Circumstance 2: In marriage with an unbeliever, the loving thing is to attempt to remain committed.

The verbage 'but to the rest'  in I Cor 7:12-14 puts the unequally yoked marriage(the marriage of an unbeliever to a believer) in a separate category.  The distinction between Paul's guidance and God's command implies a difference.    These differences really arise because of the actions of your partner, not you.  As far as it depends upon you, one should strive to always do the right thing.  Nevertheless, relationships are a two way street and depend on more than just our own actions.  How a believer is to respond really depends upon the actions of their partner.  The partner may be willing, unwilling, or just wanting to play games in the marriage.  What a believer can do from a biblical perspective is outlined below as follows:

  • ·         Decision 1: If the Unbeliever is willing to stay in the marriage

  The Loving thing is to stay committed to the willing unbeliever.     Ruth exemplifies how it is loving to adopt the willing heathen into the fold.  God shows himself faithful to the faithful.  Marriage always sanctifies a person.  If the unbeliever is willing to work on their character, then the believer should be willing to work with them.  God does not turn away anyone who honestly seeks him out.  God would want us to welcome the marriage partner who would want to stay with us.
  • ·         Decision 2:  If the Unbeliever is unwilling to stay in the marriage
The loving thing is also to let go of the unwilling unbeliever.  God hates divorce but He does sanction it when someone’s heart is hard.  God takes no pleasure in the death of people and yet He allows people to die all the time.  If people want nothing to do with you, it is not loving to try to coerce them to stay with you.  A believer is not in bondage to the marriage when the unbeliever departs.   The Law of Moses permits the Husband to let go of the captive wife.  God himself lets go of the unwilling unbeliever.  If we deny him, He will also deny us.  So God gives people up to what their heart desires, if their heart is not for him. 
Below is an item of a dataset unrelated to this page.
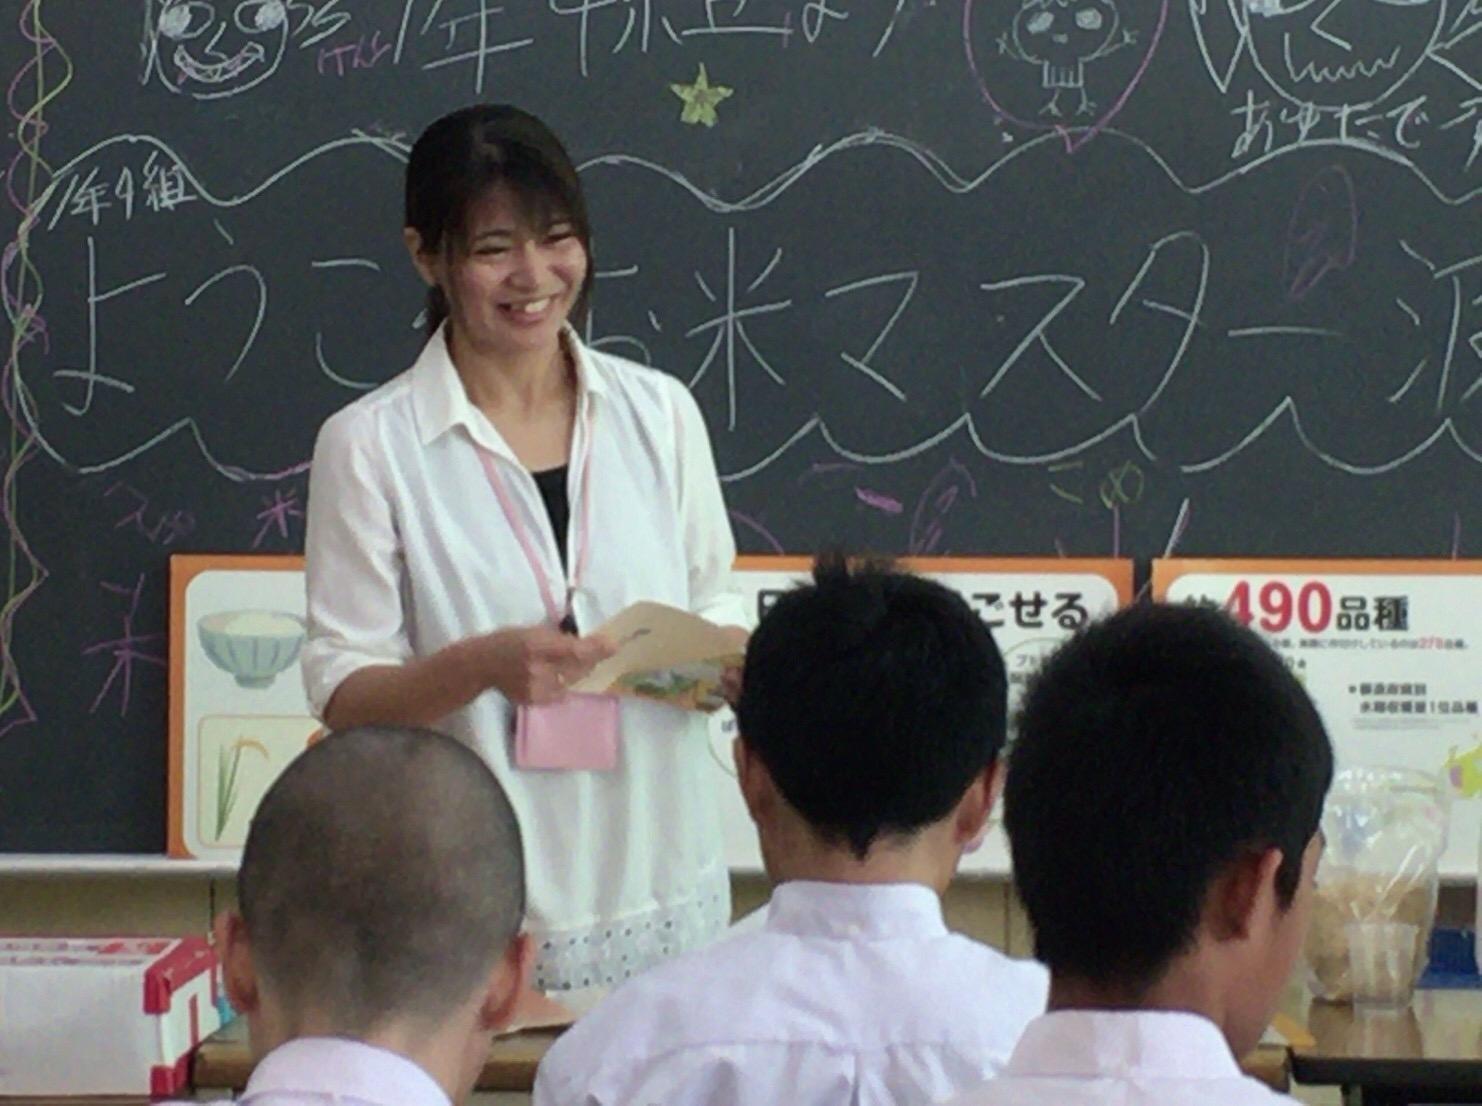 楽しみながらお米講座を行うことができました。

  • ·         Decision 3: If the Unbeliever is willing to stay in the marriage but unfaithful to their commitment or to God.
The Believer is permitted to divorce the unfaithful unbeliever.   In cases of sexual immorality, does divorce and remarriage does not constitute adultery.    The Bible also requires marriage partners to live up to their relational expectations.  The Bible has recorded where the nation of Israel legally divorced their wives in mass before (Ezra 10:3, Ezra 10:11).  God himself encourages Abraham to send Hagar on her way.  Love does not delight in Evil, but rejoices with the truth.  God shows himself shrewd with the devious person.   If you are neither cold or hot, God will vomit you out himself.  If you are willing to stay but unwilling to play straight, God will make the divorce decision for you. Most people are unaware that God actually promises to bless those who divorce for the right reasons- his name sake!   

To summarize, the loving thing is always to remain committed as far as it depends upon you.  Divorce only becomes necessary when your spouse either does not want to continue in the relationship or does not want to faithfully fulfill their part of the deal.